The song was written by Maroon 5's lead singer Adam Levine, along with Ammar Malik, Robopop, Benny Blanco, Shellback, and Wiz Khalifa, while production, programming, additional bass, keys, acoustic guitars and background vocals were provided by Shellback and Blanco. Levine, Blanco, Shellback, and Malik also wrote the band's previous single, "Moves Like Jagger". The writing process started when Malik and Robopop constructed a piano line and demo track that Blanco compiled into a proper melody. They gave it to Levine, who wrote the lyrics. Blanco also wanted to throw a wrench into the Maroon 5 works by adding hip-hop flavor to its sound, "I love when things don't make sense, like, 'Holy fuck!' You don't hear him on the song at all. I like when bands dip into a whole different genre." For this, he commissioned Wiz Khalifa (whose singles "No Sleep" and the then-upcoming "Work Hard, Play Hard", Blanco produced or was producing) to write and rap a verse on "Payphone". In an interview with Rolling Stone, Blanco told that five minutes before Khalifa arrived at the studio, he prepared "the sound beds for the finger snap-driven portion of the jam". However, producer Max Martin, who was the executive producer of Overexposed, adjusted the chorus, because he felt it should be a "little different".

Shellback recorded "Payphone" at Conway Studios in Los Angeles alongside Noah "Mailbox" Pasovoy, while Eric Eylands served as the assistant engineer. John Hanes mixed the song at Mixstar Studios in Virginia Beach and Phil Seaford was the mixing assistant. Jeremy "Jbogs" Levin and David "D Silb" Silberstein served as production coordinators. Khalifa appears as courtesy of Rostrum Records. "Payphone" was released as a lead single from Overexposed on April 16, 2012, in the United States. On April 17, it was digitally released in most territories. A&M Octone Records serviced the song to contemporary hit radio in the US on April 24. A remix version of "Payphone" by The Sound of Arrows premiered exclusively on PopCrush website on May 22. A CD single containing the album version of the song together with a Thomas Penton/Barry Huffine remix was released on June 8 in Germany.
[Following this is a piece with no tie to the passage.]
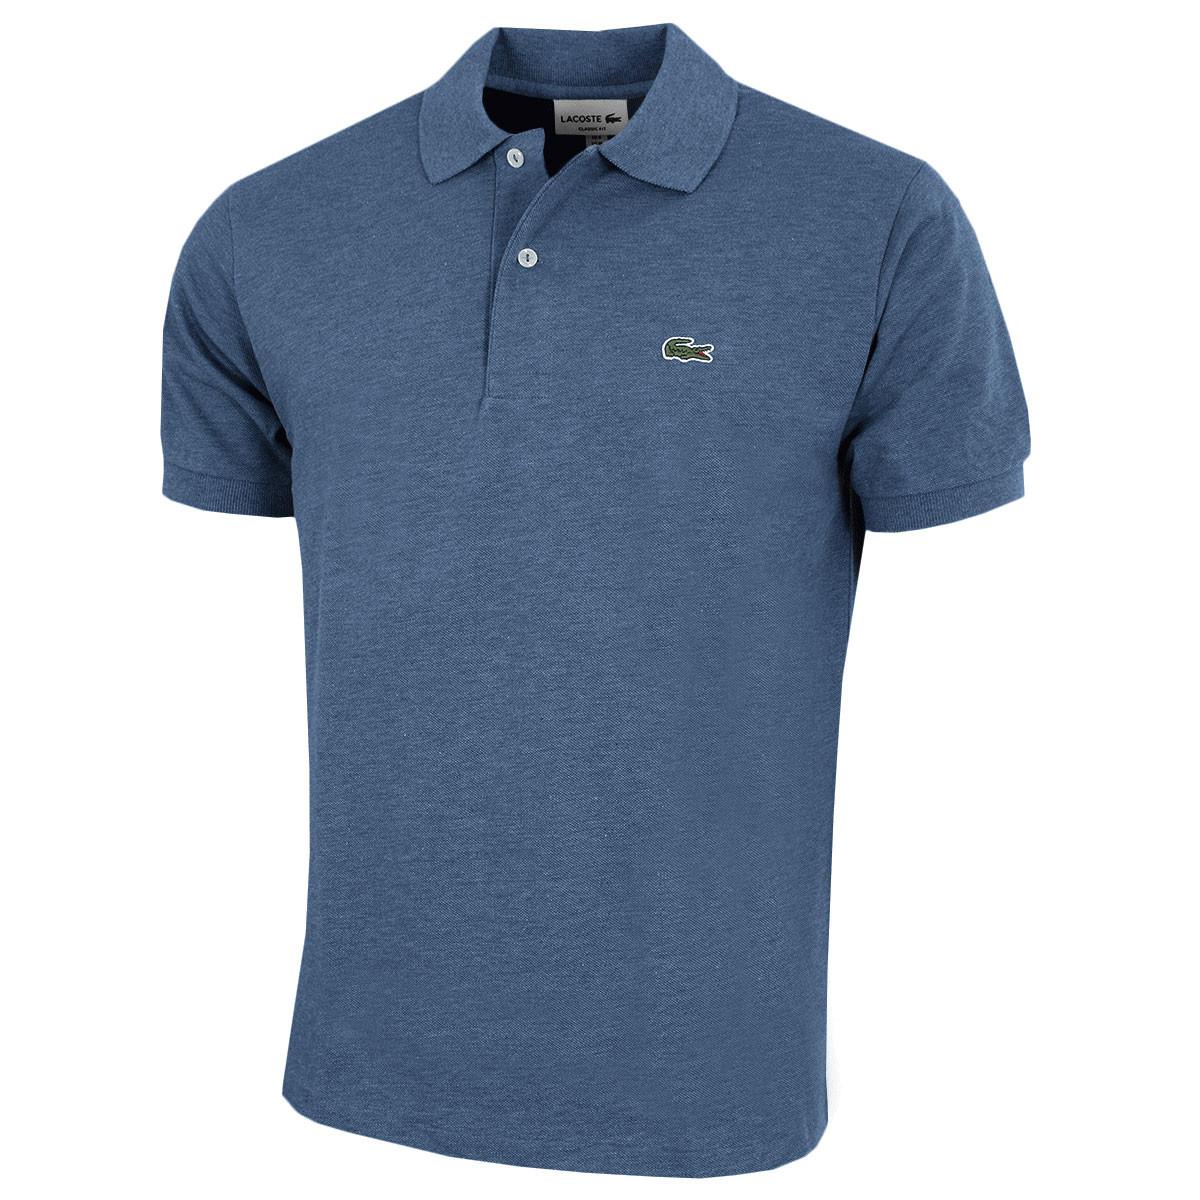 1a1cd3239 Lacoste Mens 2019 Original Mottled Polo Shirt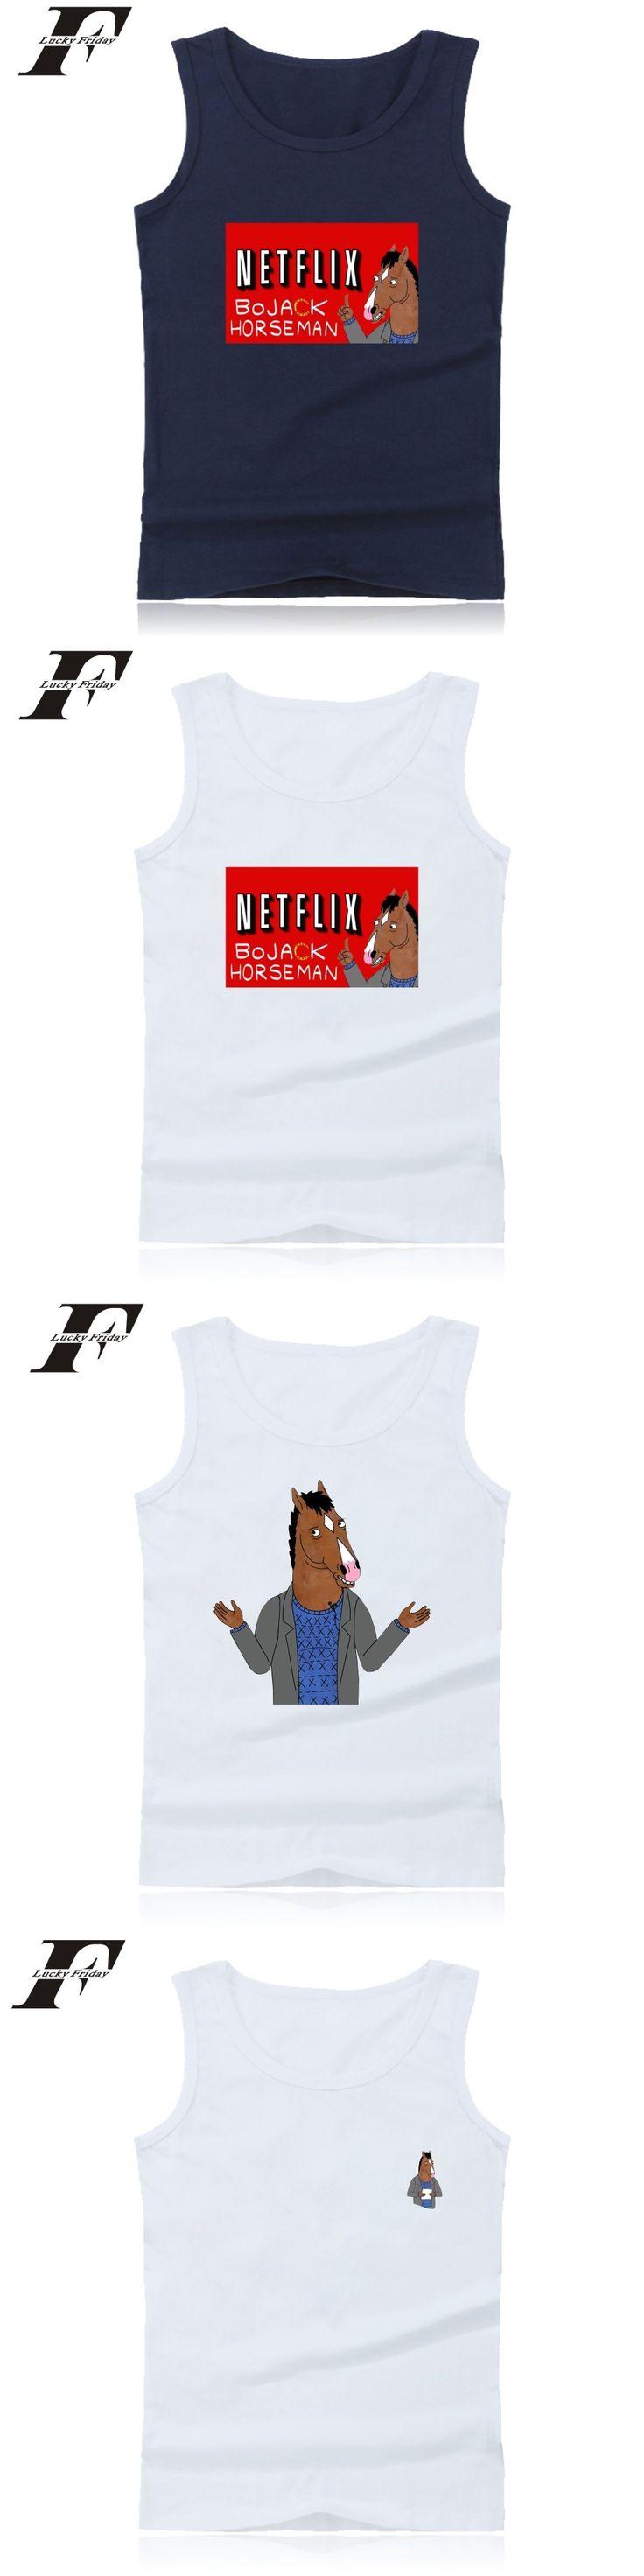 LUCKYFRIDAYF  shirt BoJack Horseman fitness Bodybuilding Tank Top Soft vest Cotton Funny  shirt Summer colete 4xl

==Composition and lyrics==
"Payphone" is a pop/R&B song that contains a hip hop beat and piano hook. It has a duration of 3 minutes and 51 seconds. Its instrumentation consists of funk guitars, bass and synths. "Payphone" is written in the key of B♭ major (recorded in B major), in common time, with a tempo of 110 beats per minute.
Levine's vocal range spans from the low note of G♯_{3} to the high note of B_{4}. Thomas Chau from AOL Radio Blog called the song "mellow" and compared it to the band's previous singles "She Will Be Loved" (2004) and "Won't Go Home Without You" (2007).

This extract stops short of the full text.